__SUPPLIED DATA__:
# # # # #

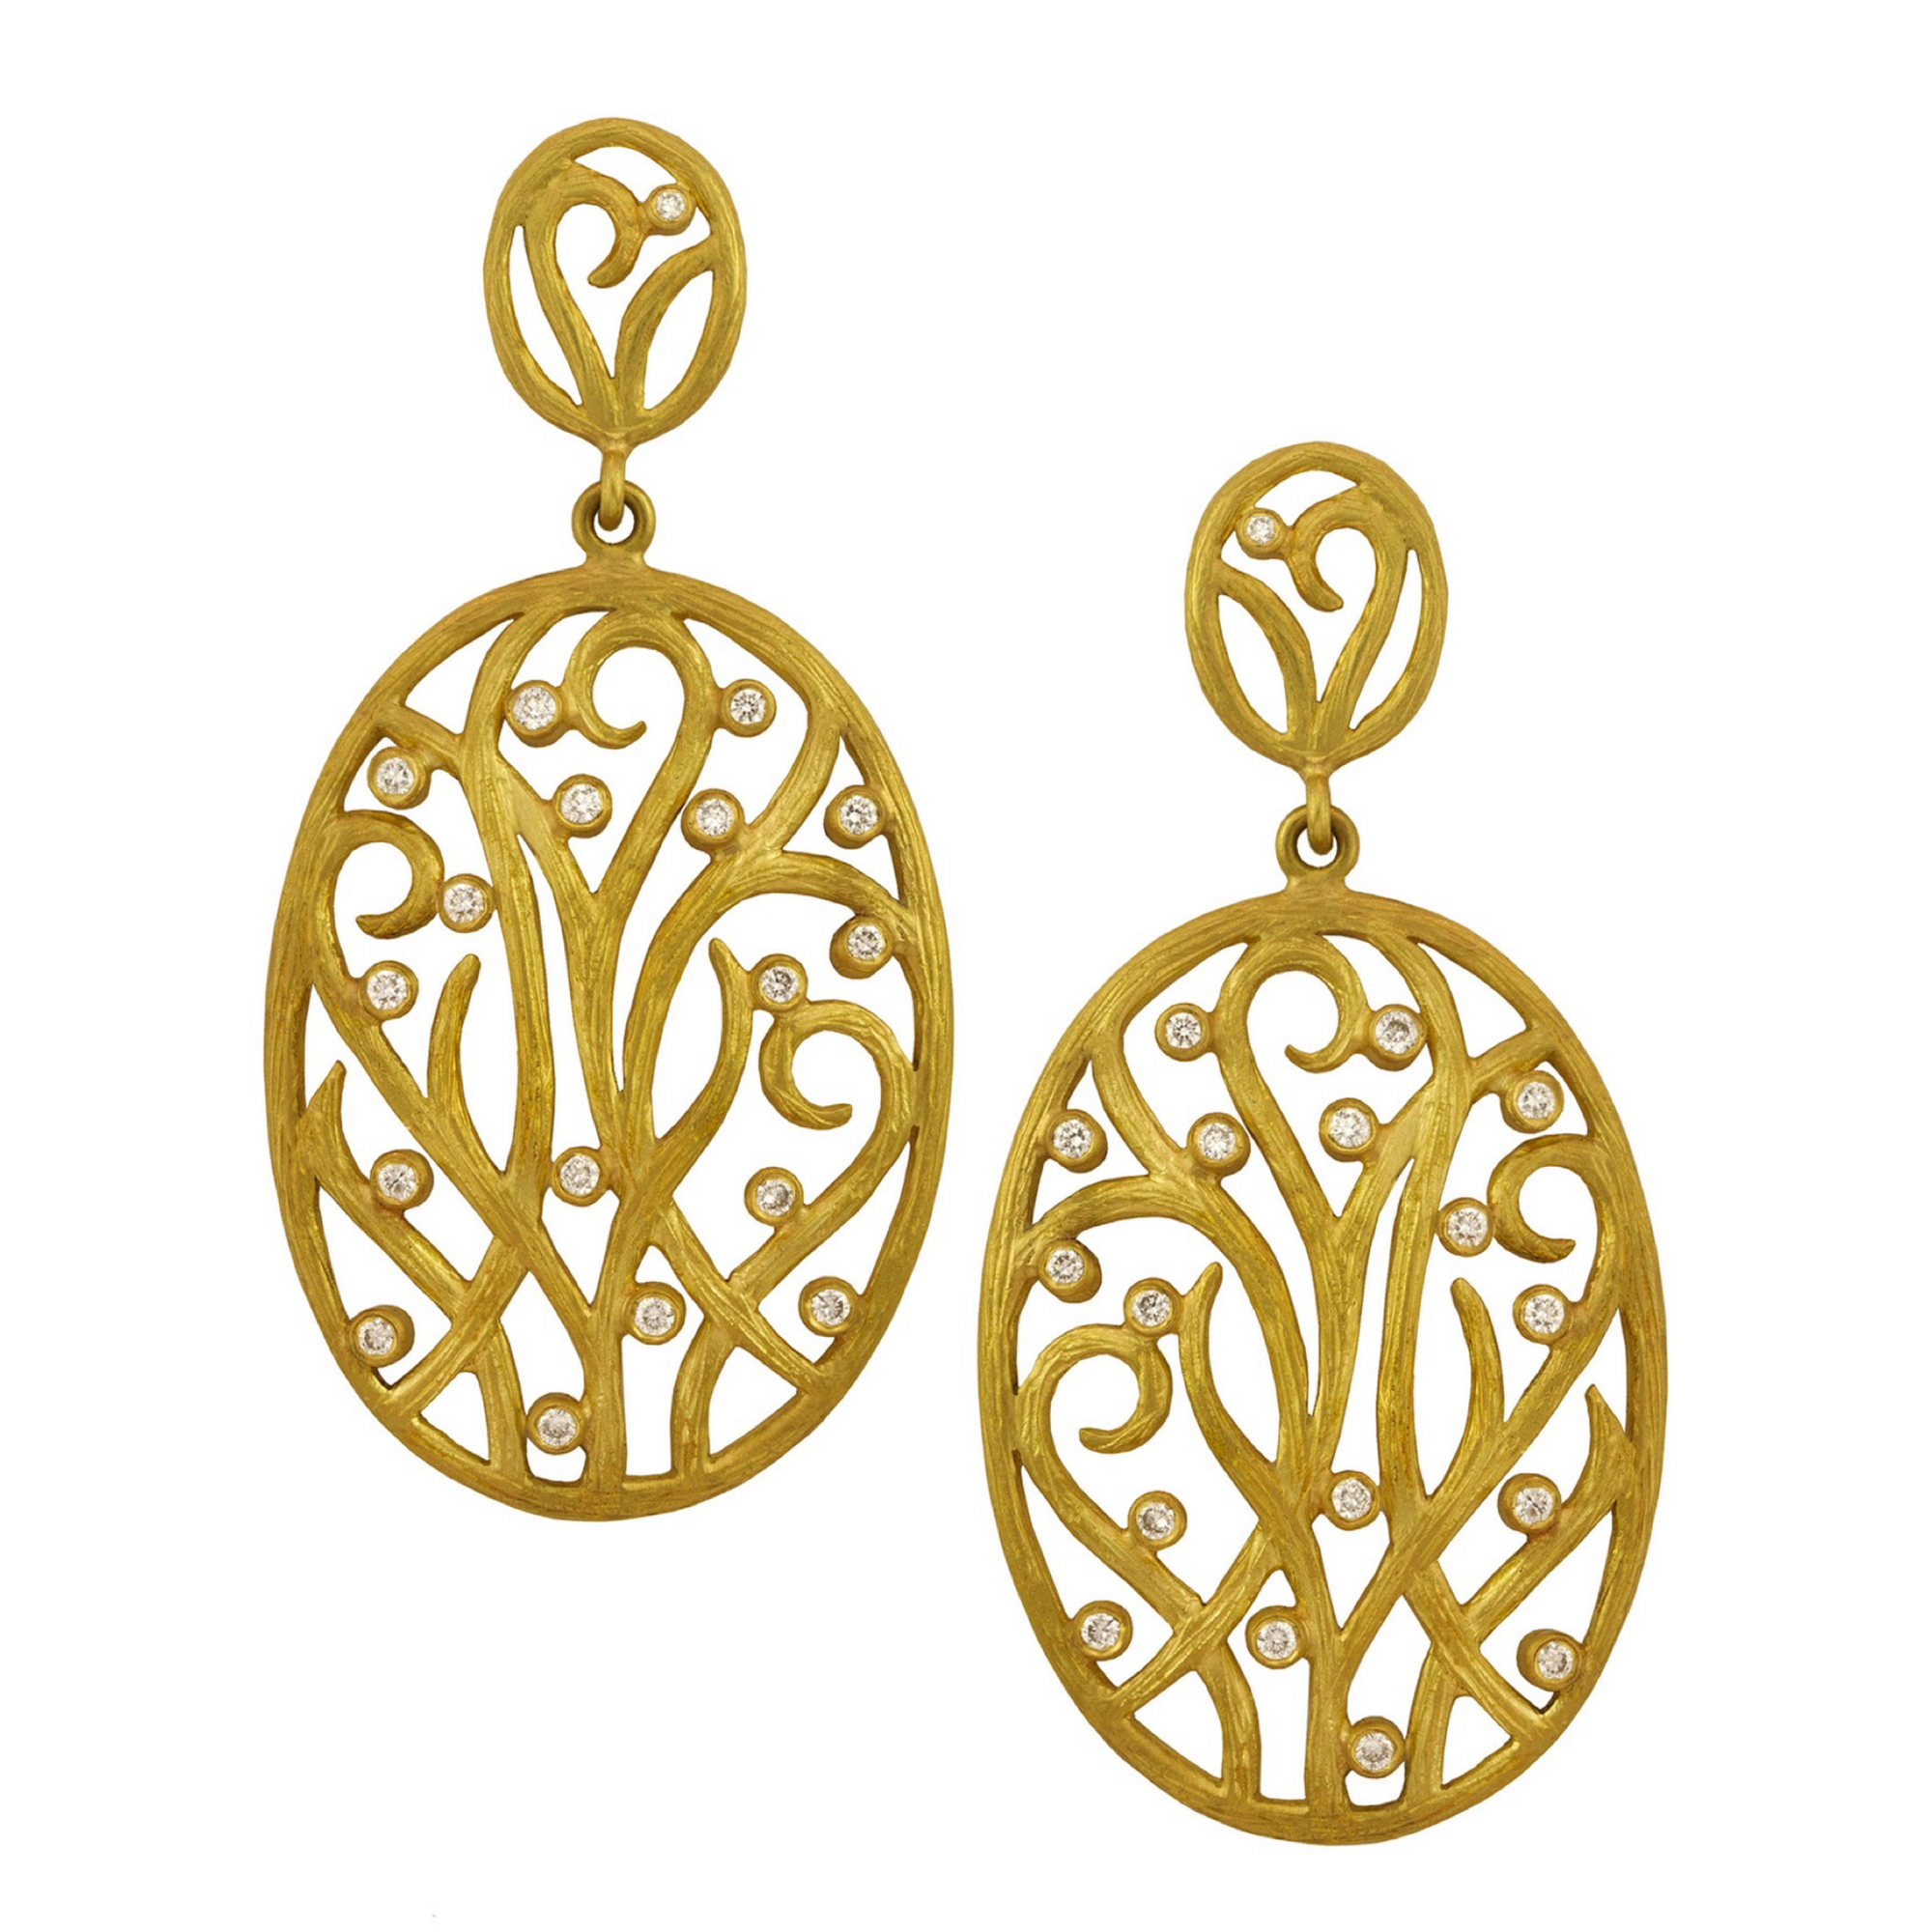 Vine Oval Cut Work Diamond Earrings by Laurie Kaiser available at Talisman Collection Fine Jewelers in El Dorado Hills, CA and online. The perfect addition to your jewelry collection, the Vine Oval Cut Work Diamond Earrings in 18k yellow gold are a romantic pair of statement earrings. With delicate scrolling vines and a total of 0.94 carats of sparkling white brilliant diamonds, these earrings are truly eye-catching. 
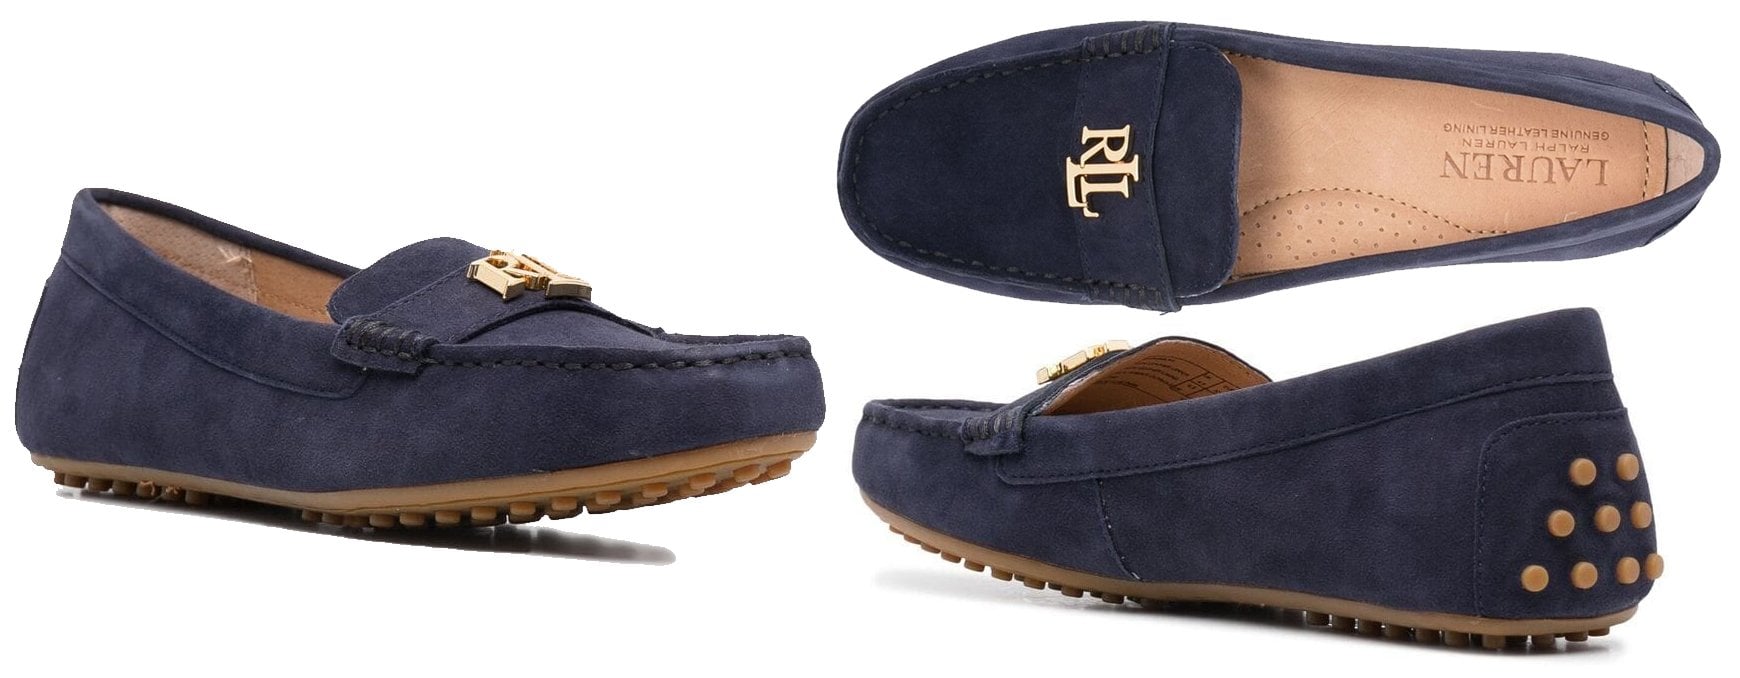 The Barnsbury features Lauren's signature logo lettering, finished with an exclusive rubber nub outsole
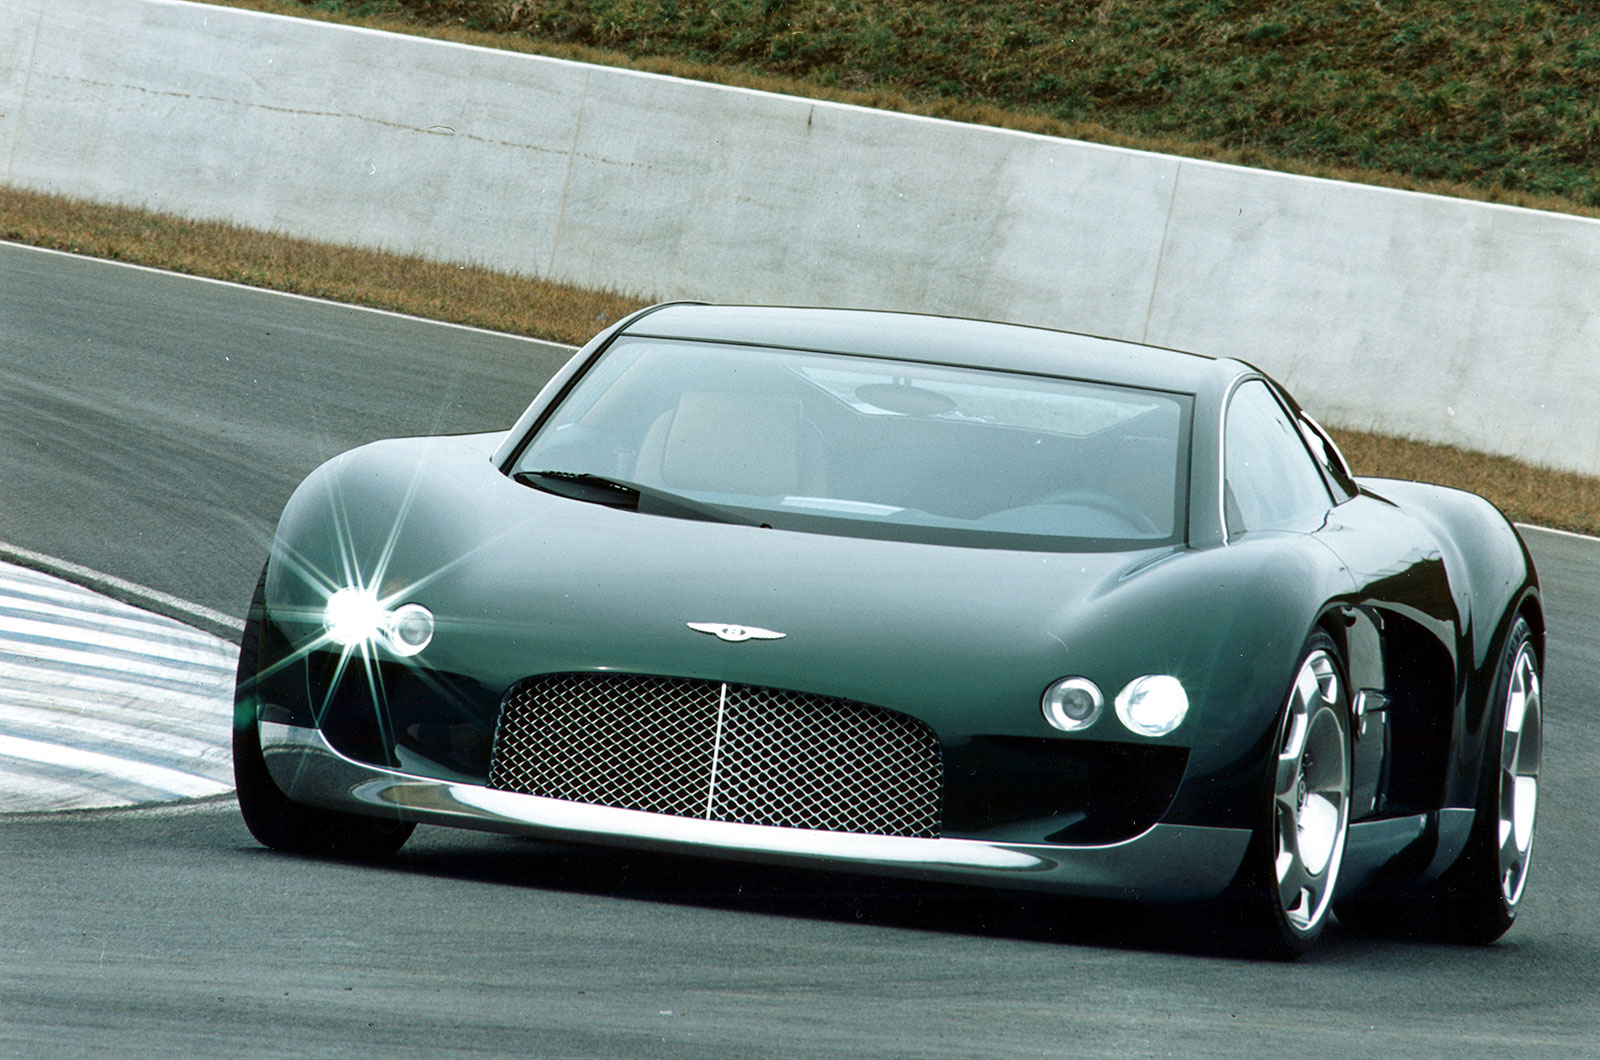 <p>Unveiled at the 1999 Geneva motor show, this was Bentley's first ever mid-engined car. Power came from a <strong>632 HP </strong>naturally aspirated 8.0-liter W16 engine to give a <strong>220mph </strong>top speed. But with Volkswagen already developing the <strong>Bugatti Veyron</strong>, it made no sense to proceed with the Bentley.</p>
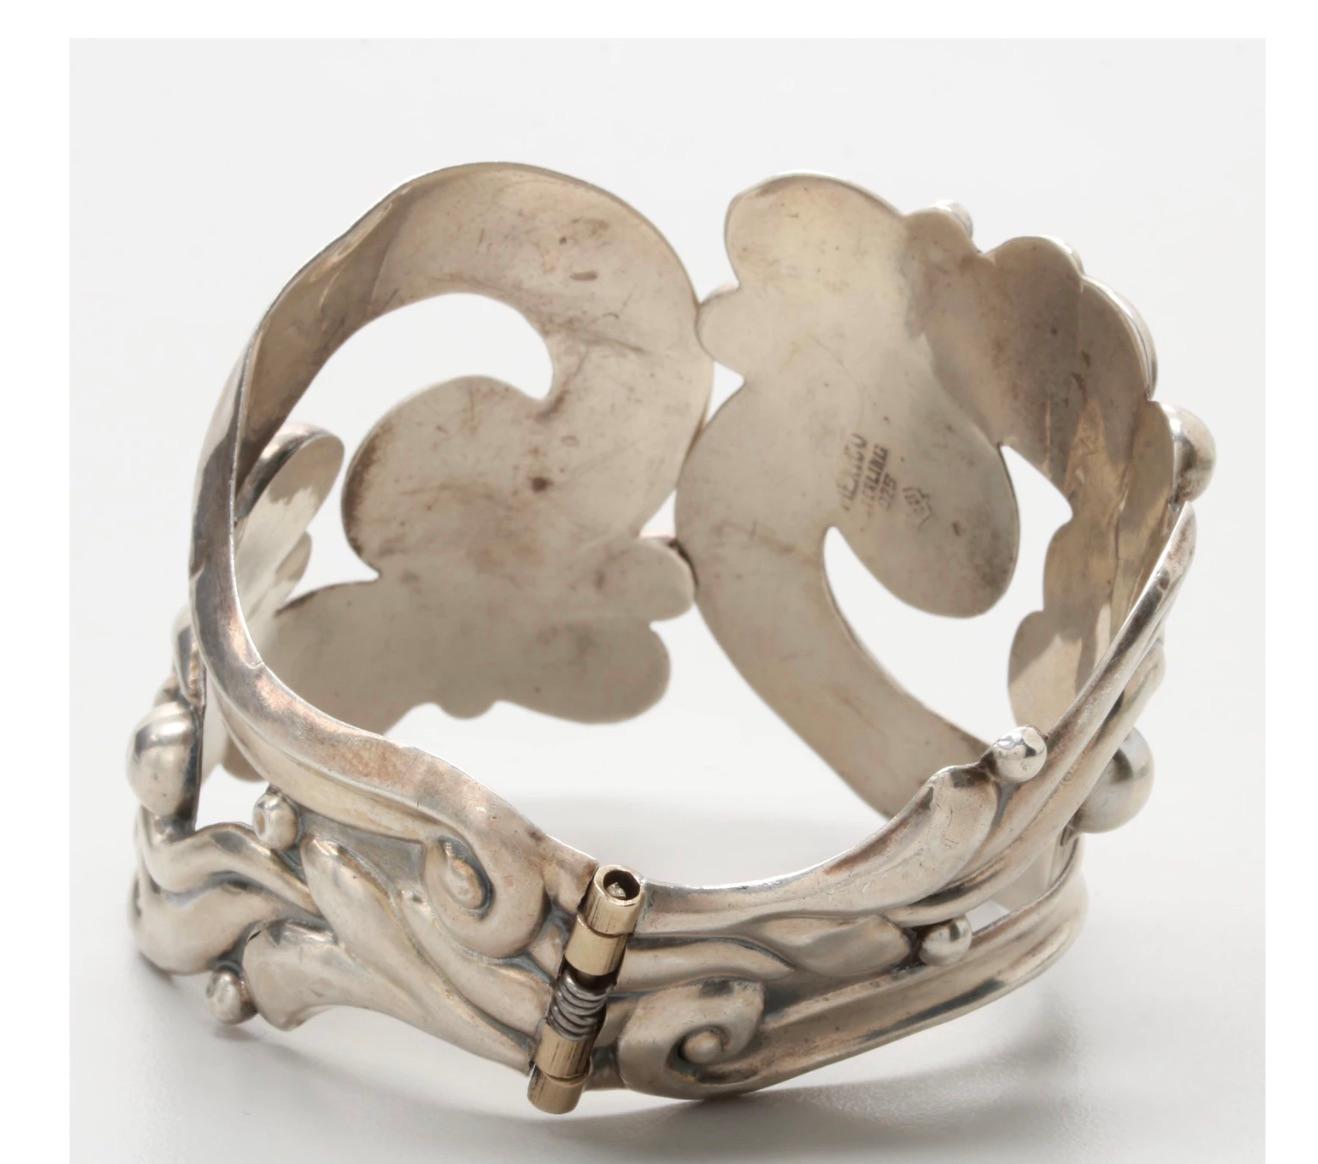 Artisan Superb Rare Mexico Sterling Silver Clamper Bracelet c. 1940s by Antonio Pineda For Sale

# # # # #

__WORK TO BE COMPLETED__: Set down all the lines above exactly as they appear, with no pictures.

__TASK ANSWER__:
 Vine Oval Cut Work Diamond Earrings by Laurie Kaiser available at Talisman Collection Fine Jewelers in El Dorado Hills, CA and online. The perfect addition to your jewelry collection, the Vine Oval Cut Work Diamond Earrings in 18k yellow gold are a romantic pair of statement earrings. With delicate scrolling vines and a total of 0.94 carats of sparkling white brilliant diamonds, these earrings are truly eye-catching. 
 The Barnsbury features Lauren's signature logo lettering, finished with an exclusive rubber nub outsole
 <p>Unveiled at the 1999 Geneva motor show, this was Bentley's first ever mid-engined car. Power came from a <strong>632 HP </strong>naturally aspirated 8.0-liter W16 engine to give a <strong>220mph </strong>top speed. But with Volkswagen already developing the <strong>Bugatti Veyron</strong>, it made no sense to proceed with the Bentley.</p>
 Artisan Superb Rare Mexico Sterling Silver Clamper Bracelet c. 1940s by Antonio Pineda For Sale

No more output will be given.